10 July, 20231 minute read

Tag your cloud resources with their repository

An effective tagging strategy is a must-have for organizations relying on the cloud. A clear tagging strategy makes infrastructure ownership obvious, enables granular cost-reporting, and so much more. Something else that’s great about tagging is you don’t need to do it all upfront.

Terraform can automatically tag managed resources with the default_tags AWS provider option, and CloudFormation supports stack-level tags which works similarly to default_tags. Due to the existence of these features, you can build and validate your app and defer worrying about your tagging strategy until after you’ve found product-market fit and start running into cost issues.

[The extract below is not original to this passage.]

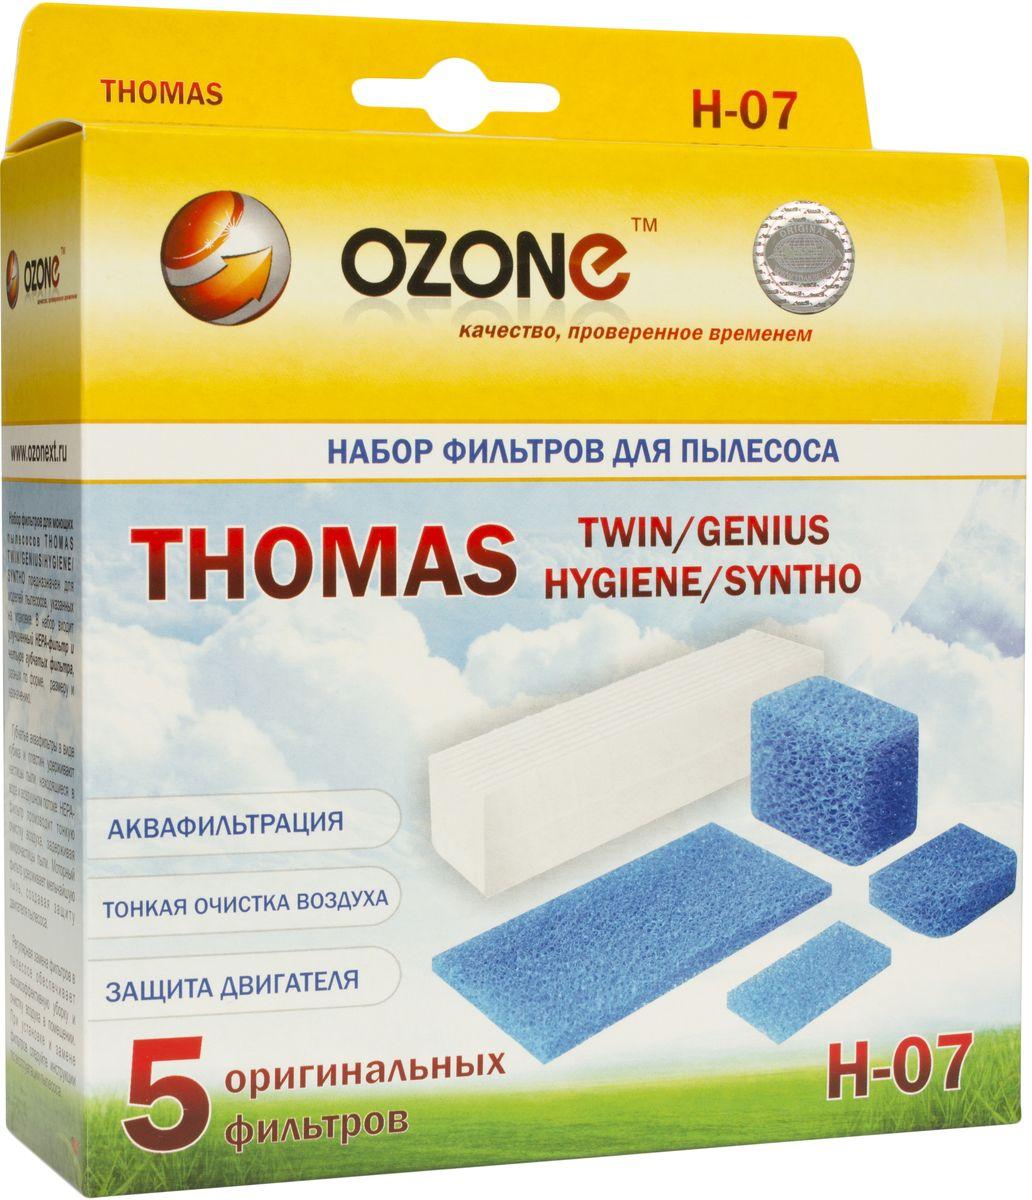 Ozone H-07 набор фильтров для пылесосов ThomasH-07HEPA фильтр Ozone microne H-07 высокоэффективной очистки предназначен для завершающей очистки воздуха в помещении, которое требует высокое качество воздуха, например, медицинских помещений. Фильтр состоит из мелкопористых материалов, что служит эффективному задерживанию частиц размером до 0,3 мкм. Фильтры HEPA последнего поколения имеют степень очистки воздуха около 95-97%. Фильтры не подлежат к промывке, а значит, они являются одноразовыми.
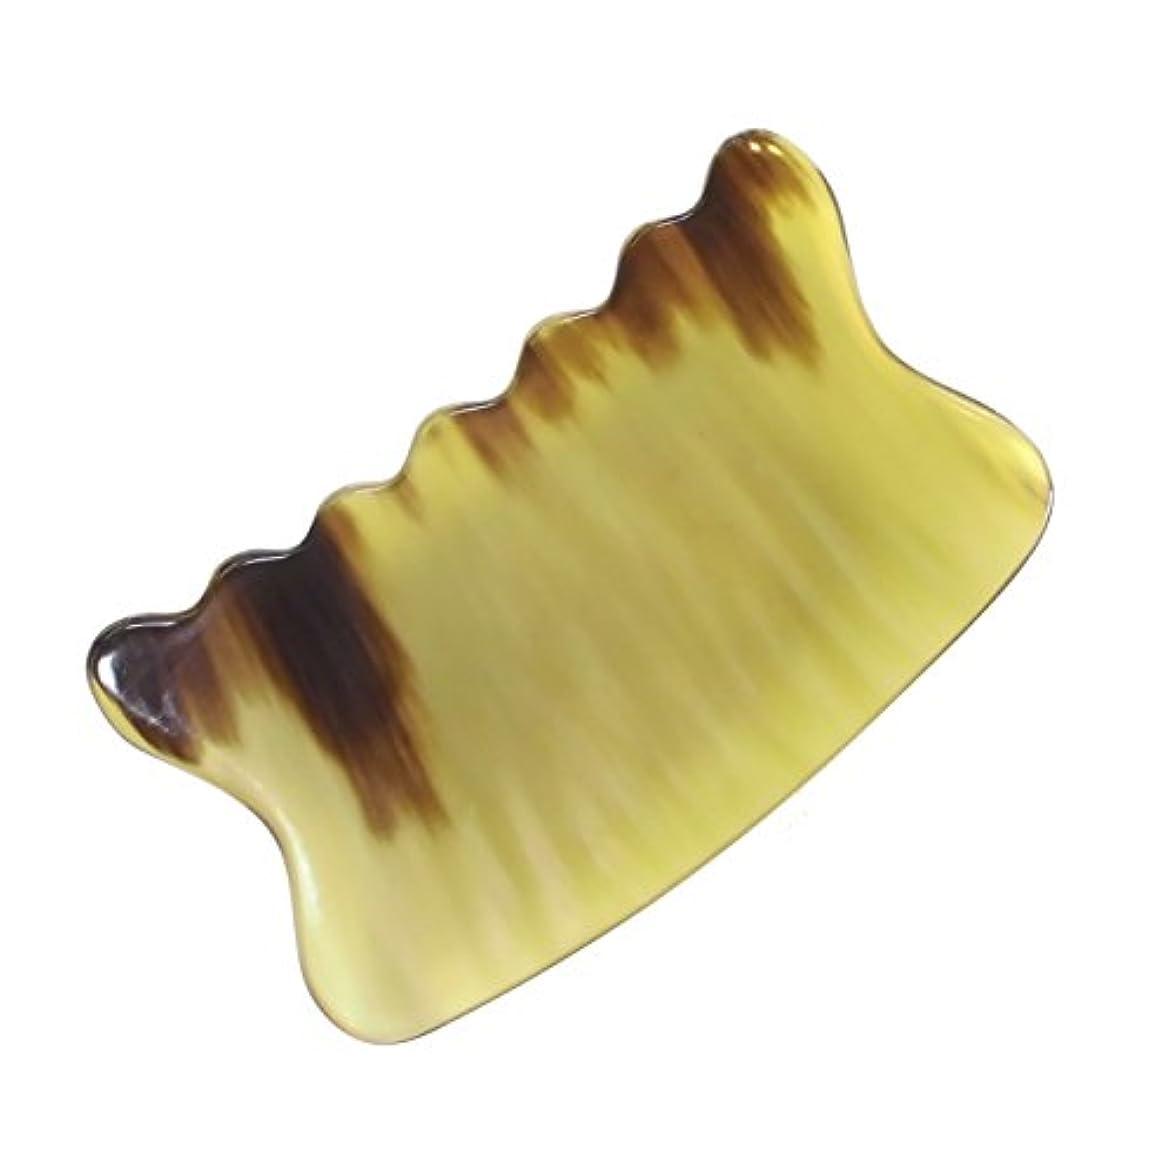 ペチュランス支払う蒸かっさ プレート 希少69 黄水牛角 極美品 曲波型

In terms of designing your tagging strategy, LucidChart actually have a pretty good article on AWS tagging best practices which covers most of the things you should be thinking about. The one thing I’d add to their article is that tags can be an extremely powerful debugging tool if you build in some affordances.

To be brief: add the project’s Git repository to one of your tags. Keep it really simple, like repository=your-company/some-projects-infra. In an environment that prefers monorepo, this can be a path inside your monorepo instead of an actual repository name.

The benefit of doing this is that if you find some misbehaving infrastructure you can look at its tags and immediately see where the relevant IaC is located. People are usually pretty good at adding a project or team tag which are somewhat helpful for locating the code, but having the repository straight up listed in your tags cuts out any possibility for confusion. It’s unfortunately not always obvious where a project’s infrastructure is defined.